This usually happens without consequences, as the connected users can still send and receive data, but sometimes it causes the server to stop communicating.
I am sending the data using getAsyncRemote(), and I usually send them in separate Threads too. (I have a pool of CPU cores * 2 [8] threads I use to handle incoming messages and to prepare the outcoming game data).
@glassfishrobot Commented @pavelbucek said: Can you share a reproducer?
@glassfishrobot Commented soylomass said: I wish I could. It happens randomly.
I've changed the async sends for basic instances to see if it stops happening. I'll report.
@glassfishrobot Commented soylomass said: Basic of course went even worse, as it isn't efficient to handle a lot of writes.
Pavel, do you have any idea of what could be causing hundreds of those exceptions per second at random times? Do you have any idea of something I could try? My project is stuck until I fix this, and I've tried everything.
@glassfishrobot Commented @pavelbucek said: You could test with different settings related to selector and worker thread pools, see https://tyrus.java.net/apidocs/1.13/org/glassfish/tyrus/container/grizzly/server/GrizzlyServerContainer.html
But I'm not sure whether that will help. The problem seems to be dropped (closed) TCP connections and also it seems like presented exceptions are only consequence, not a cause. Are you monitoring number of open files / sockets on your server? Isn't it close to limits (see ulimit -a on *nix based systems + sysctl -a, etc..).
@glassfishrobot Commented soylomass said: Is there any equation to get the recommended number of selector/worker threads? The software is a MMO game sending and receiving from every client more than 10 times per seconds.
By the way, I've set a timeout in the threads who prepare the data for clients and then send it with getAsyncRemote().send, and while the exceptions keep ocurring, the timeout stop it and saves the server from crashing. It's strange, as the exception should be ocurring in the grizzly thread, not in mine (which I'm terminating)
@glassfishrobot Commented @PetrJanouch said: Hi,
my humble opinion is that this has nothing to do with threads. Grizzly has a write queue whose content it feeds to a socket when the socket is ready for writing. The logged error means that Grizzly was not able to send the queued data because the the peer (the client, a load balancer or a proxy if there is one) has closed the TCP connection (look at the java.io.EOFException in the cause).
So I think that you are looking at the wrong side of the connection and the key to solving this is finding out why the connection was closed by the other side. Btw. By closing the connection I mean that the connection was closed on the TCP level and not gracefully using the Websocket closing handshake.
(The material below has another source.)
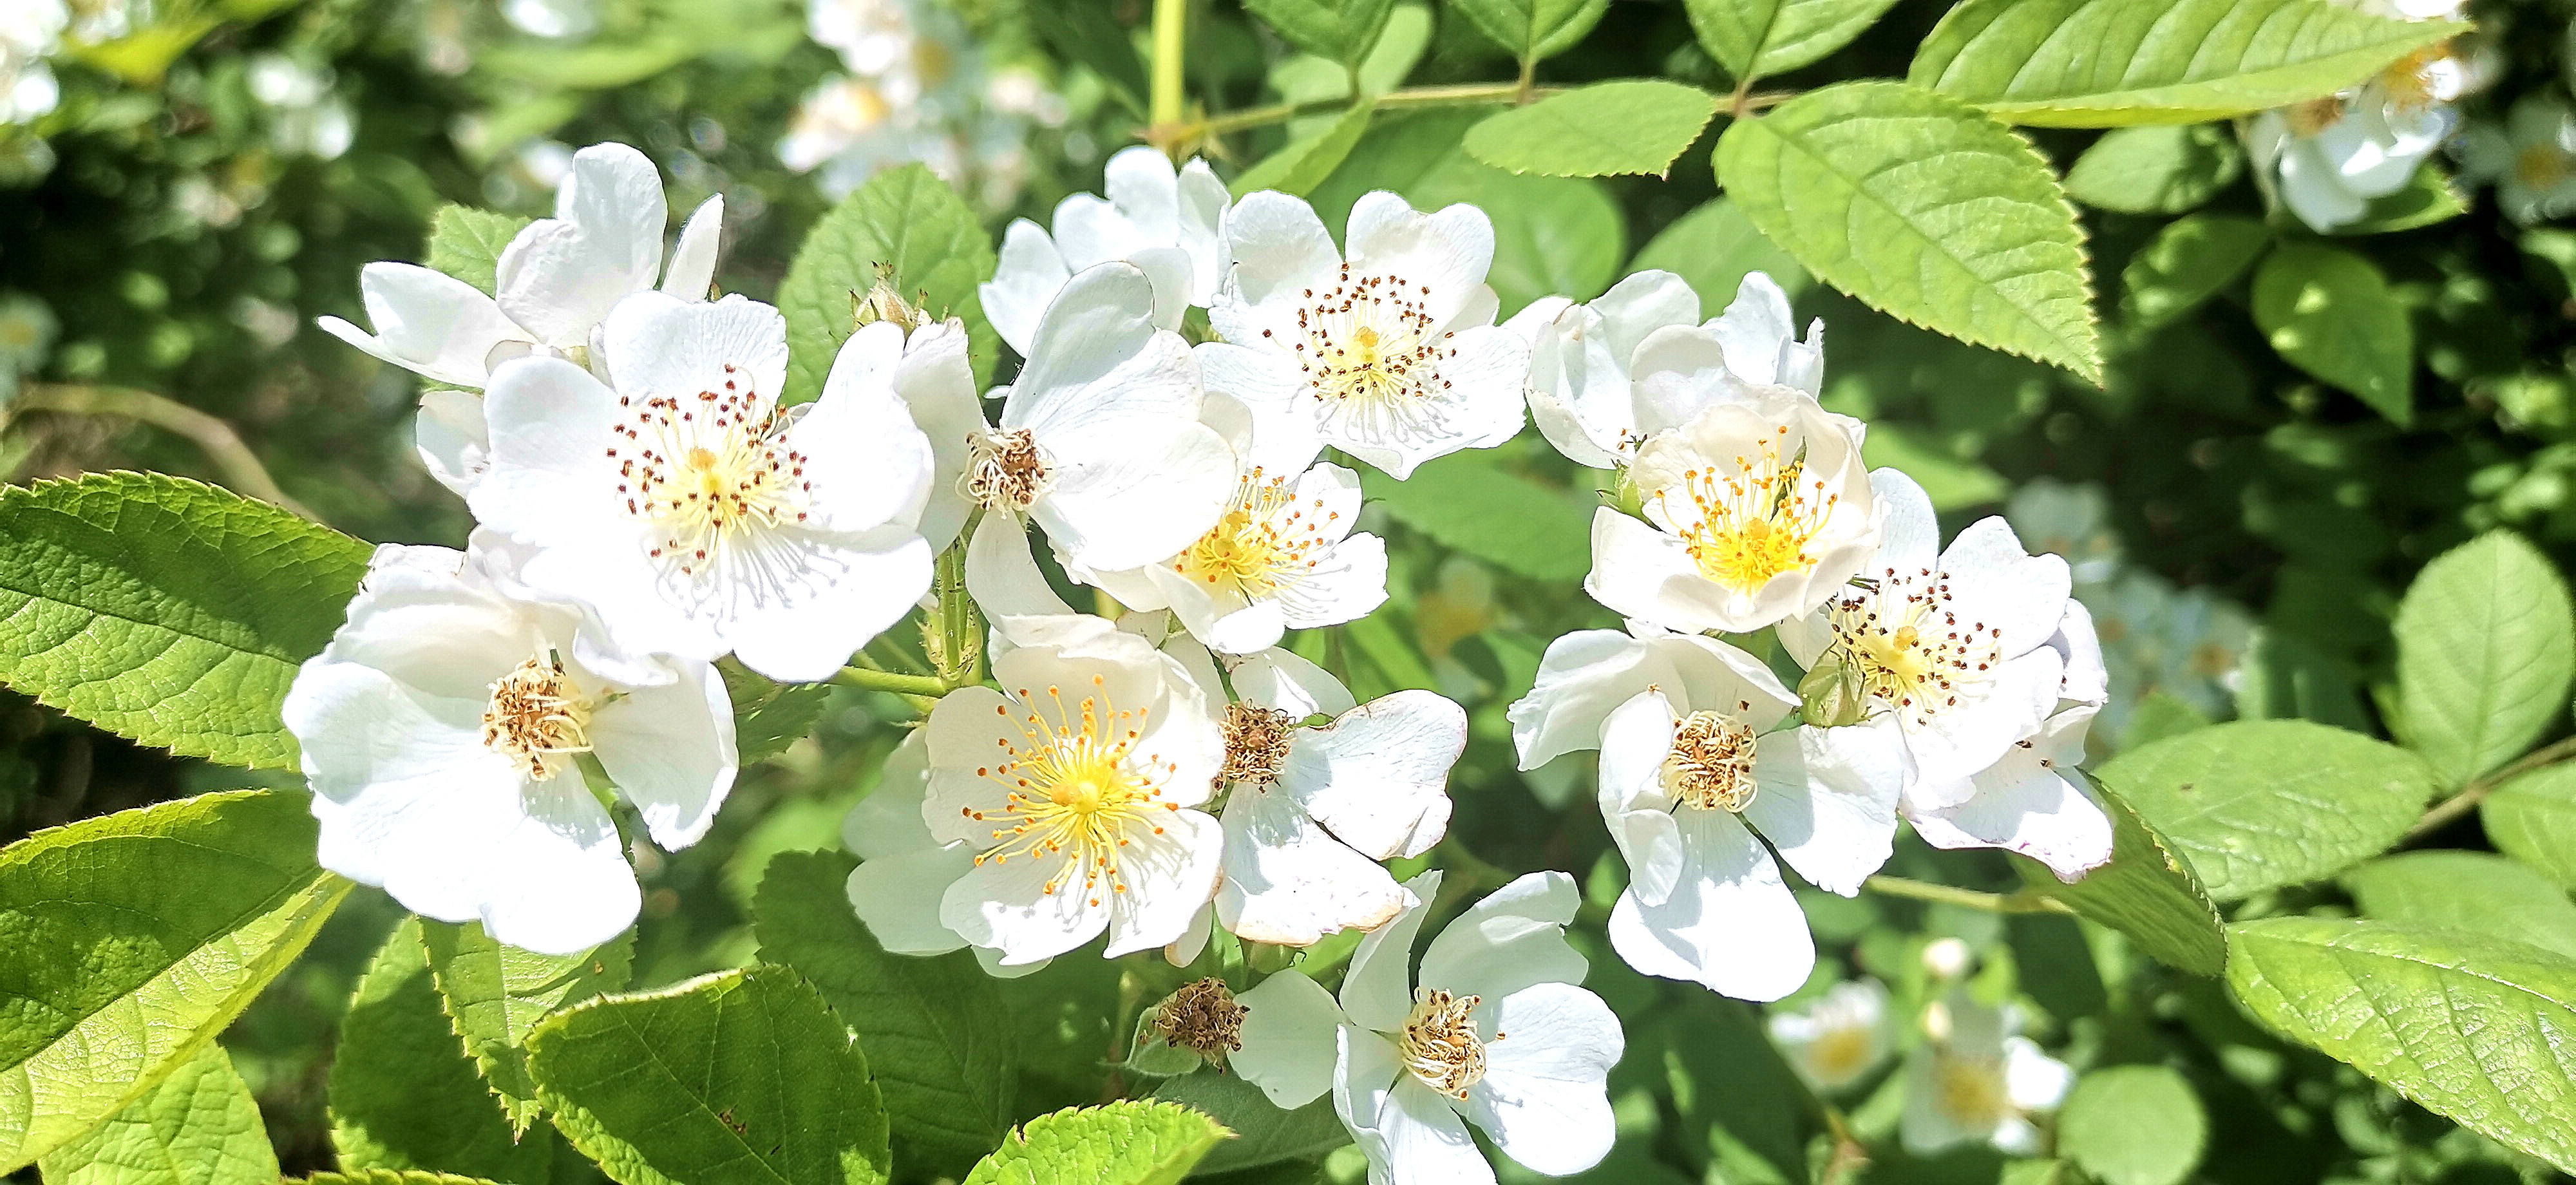 吉安视觉:后河味道的白色野蔷薇花开烂漫

The only think that puzzles me is that you say that the server becomes unresponsive after this happens. The only reason why Grizzly can become unresponsive is when all its worker threads are blocked somewhere (the exception you posted above wouldn't cause a Grizzly thread to be blocked). When the server becomes unresponsive do a thread dump and see what are Grizzly Worker threads doing or post it here if you cannot figure out anything.
@glassfishrobot Commented soylomass said: What puzzles me is why the exception, once it happens, repeats itself hundreds of times in a second, if I don't make that many writes to a single client.
The exception doesn't make the server crash anymore now that I've implemented a timeout in the threads where the getAsyncRemote().send occur, but the exceptions keep happening randomly.
@glassfishrobot Commented @PetrJanouch said: That is strange. The exception is logged once per closed connection and it will be also returned by the future/javax.websocket.SendResult of each uncompleted asynchronously written message.
Are you sure the hundreds of logged messages belong to one connection and many connections are not closed at the same time for whatever reason?
@glassfishrobot Commented soylomass said: I would like to check that. I should use Future.get() to know that, right? In that case, the operation will be similar in performance to sending a syncronous write, as it would wait to the write operation to complete?
@glassfishrobot Commented soylomass said: EDIT: I've checked the logs once more, and the exceptions start to happen always after a user disconnects (as it's catched by the onClose callback):
Close connection for client:
{80c02da2-e649-4edf-9a1e-6fa70591aef0}
ON CLOSE Aug 14, 2016 3:51:19 PM org.glassfish.tyrus.container.grizzly.client.GrizzlyWriter$WriterCondition$1 onError WARNING: Connection closed
So I don't think it has to do with many connections being closed at the same time. But it's still strange why the exception happens more time than the quantity of writes made to that user.
@glassfishrobot Commented @PetrJanouch said: I have just figured out what happened. The message can be really logged enormous amount of times per one closed connection. I will fix it tomorrow morning CET and also a snapshot with the fix should be available tomorrow.
Thanks for reporting this. I will keep you updated about the fix.
@glassfishrobot Commented soylomass said: Nice!. I'll look forward for it. Thanks a lot for the quick responses.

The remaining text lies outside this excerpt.